A branch of philosophy that examines the nature, justification, and implications of the scientific method—asking foundational questions about what the method is, why it works, and what its limits might be. The philosophy of the scientific method investigates issues like: What distinguishes scientific inquiry from other forms of knowing? Is there a single scientific method or many? How do observation and theory relate? What counts as explanation? How do we choose between competing theories? What role do values play in science? How does science progress? It also examines classic debates: inductivism vs. hypothetico-deductivism, realism vs. anti-realism, paradigm shifts vs. cumulative progress.

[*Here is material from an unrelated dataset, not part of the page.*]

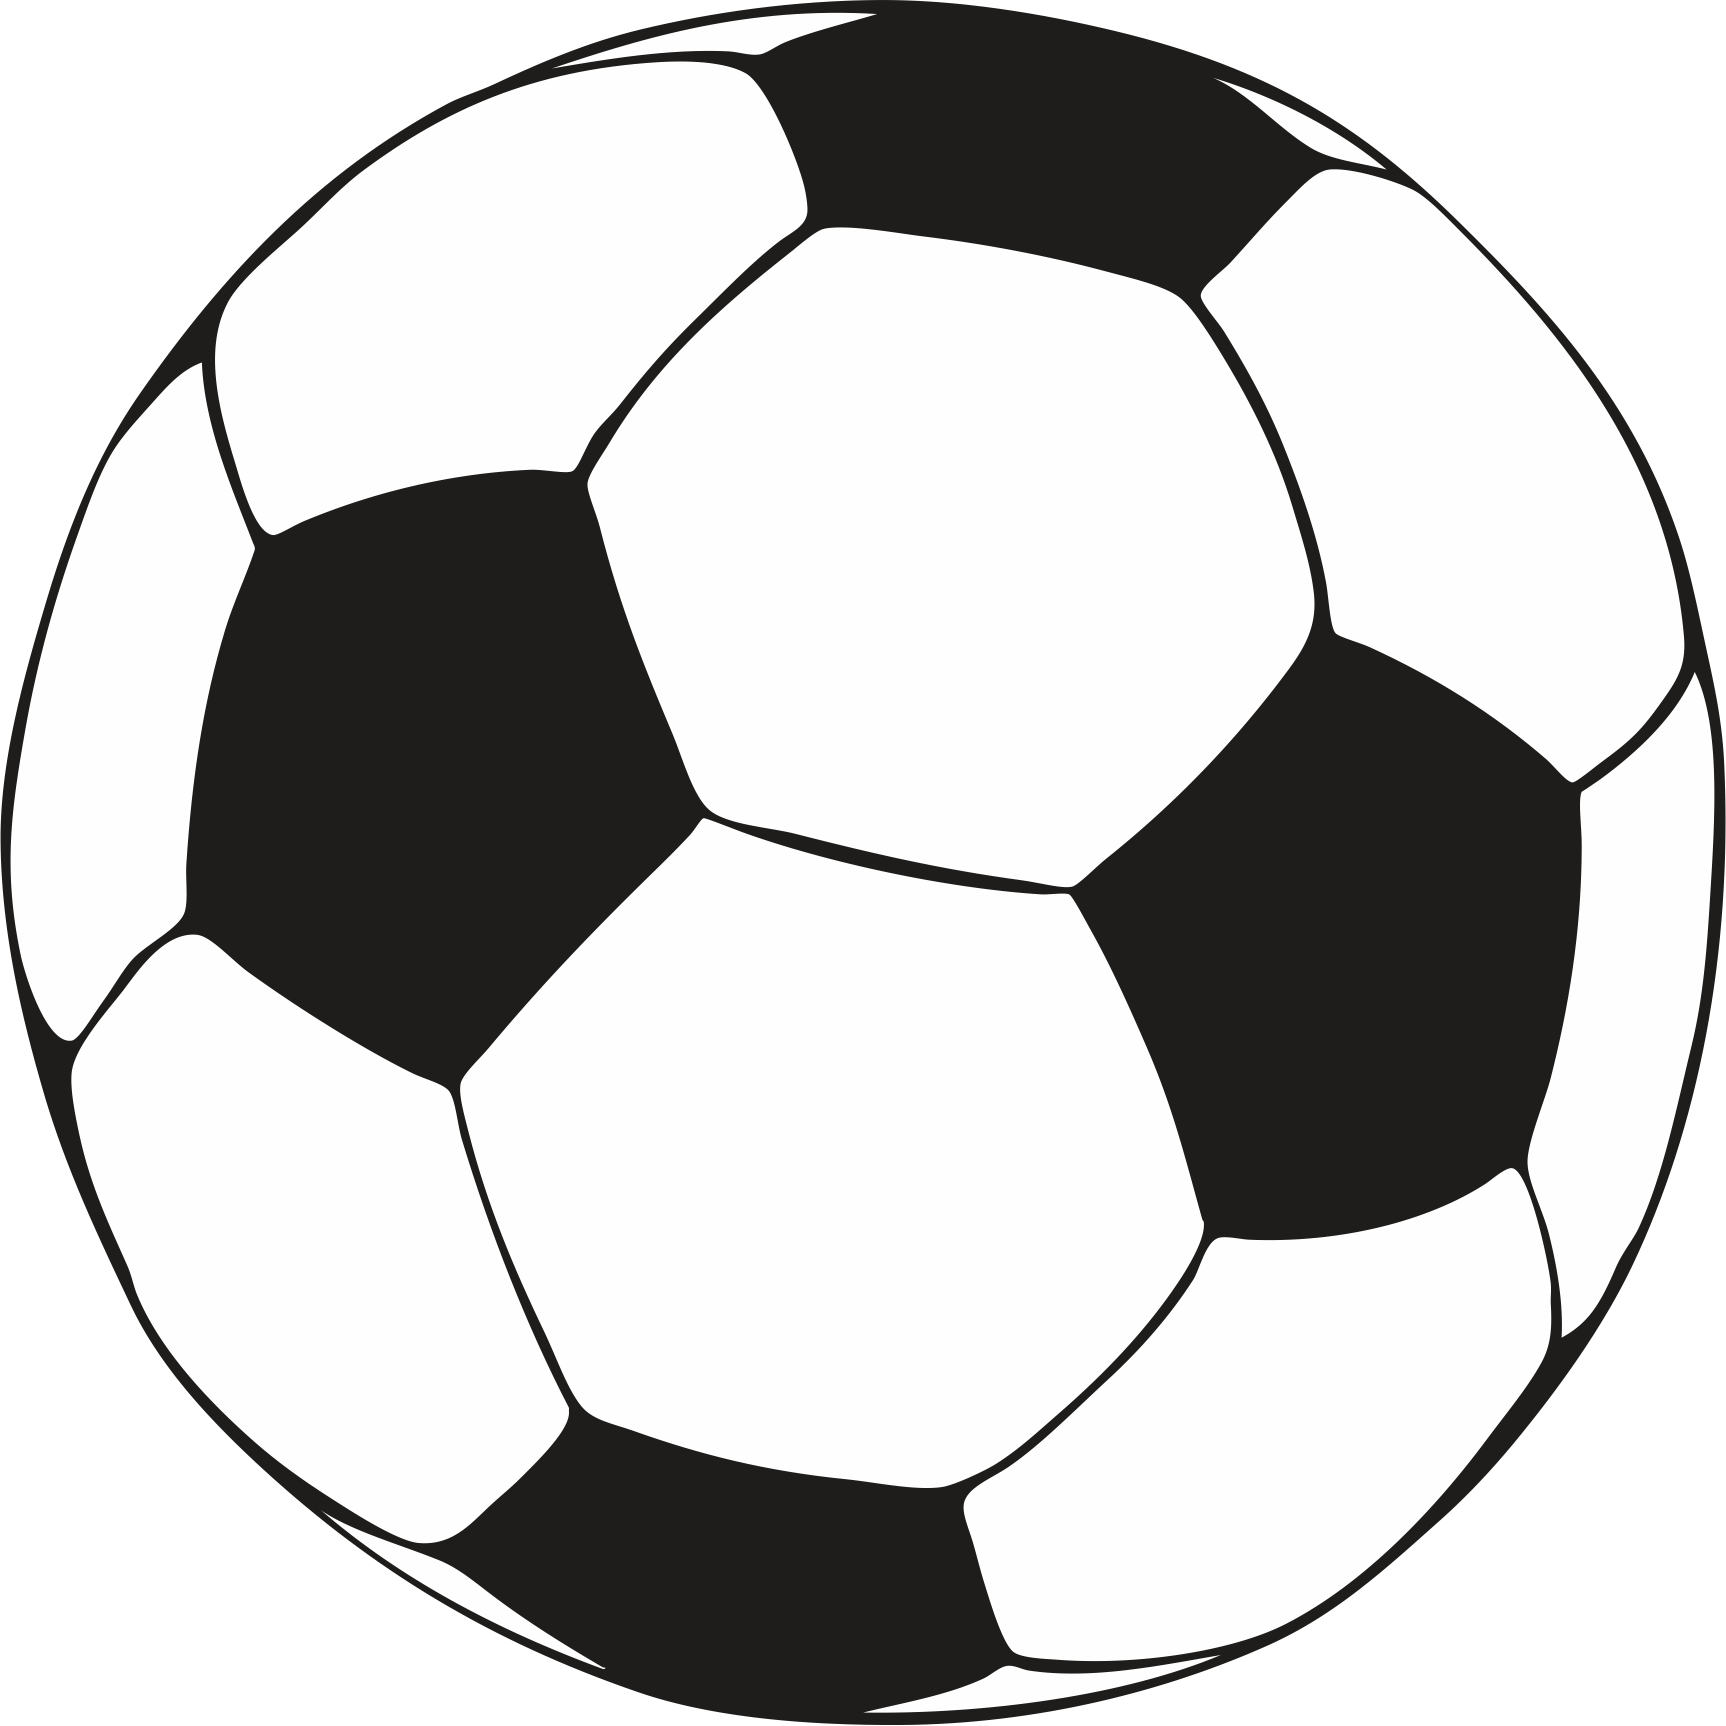 Soccer ball soccer clipart image football player kicking a 2 ...

The philosophy of the scientific method is essential for scientists to understand what they're doing when they do science—not just how to apply methods, but what those methods assume and imply.
Philosophy of the Scientific Method Example: "His philosophy of the scientific method work asked whether falsification really distinguishes science from pseudoscience—or whether it's just one demarcation criterion among many. The question matters because how we define the method determines who counts as scientific."

Philosophy of the Scientific Method

A branch of philosophy that analyzes the principles, procedures, and assumptions underlying scientific inquiry. It explores debates between inductivism, falsificationism, and Bayesian approaches; the role of observation and theory; the problem of underdetermination; and the nature of scientific explanation. It also examines whether there is a single scientific method or a family of methods, and how scientific method relates to values, social context, and historical change.
Example: “Her philosophy of the scientific method research showed that what is taught as ‘the’ scientific method in schools is a 19th‑century idealization, not a description of how actual science—with its messy negotiations and paradigm shifts—operates.”

Literacy in the Philosophy of the Scientific Method

The ability to engage with philosophical debates about what the scientific method is, whether there is one, and how it justifies knowledge. It covers issues like induction, falsification, underdetermination, and theory‑ladenness. This literacy allows one to move beyond textbook descriptions of “the” scientific method and appreciate the methodological pluralism in actual science.
Literacy in the Philosophy of the Scientific Method Example: “Her literacy in the philosophy of the scientific method meant she could explain why historical sciences (like geology) use different methods than experimental physics—both scientific, but methodologically distinct.”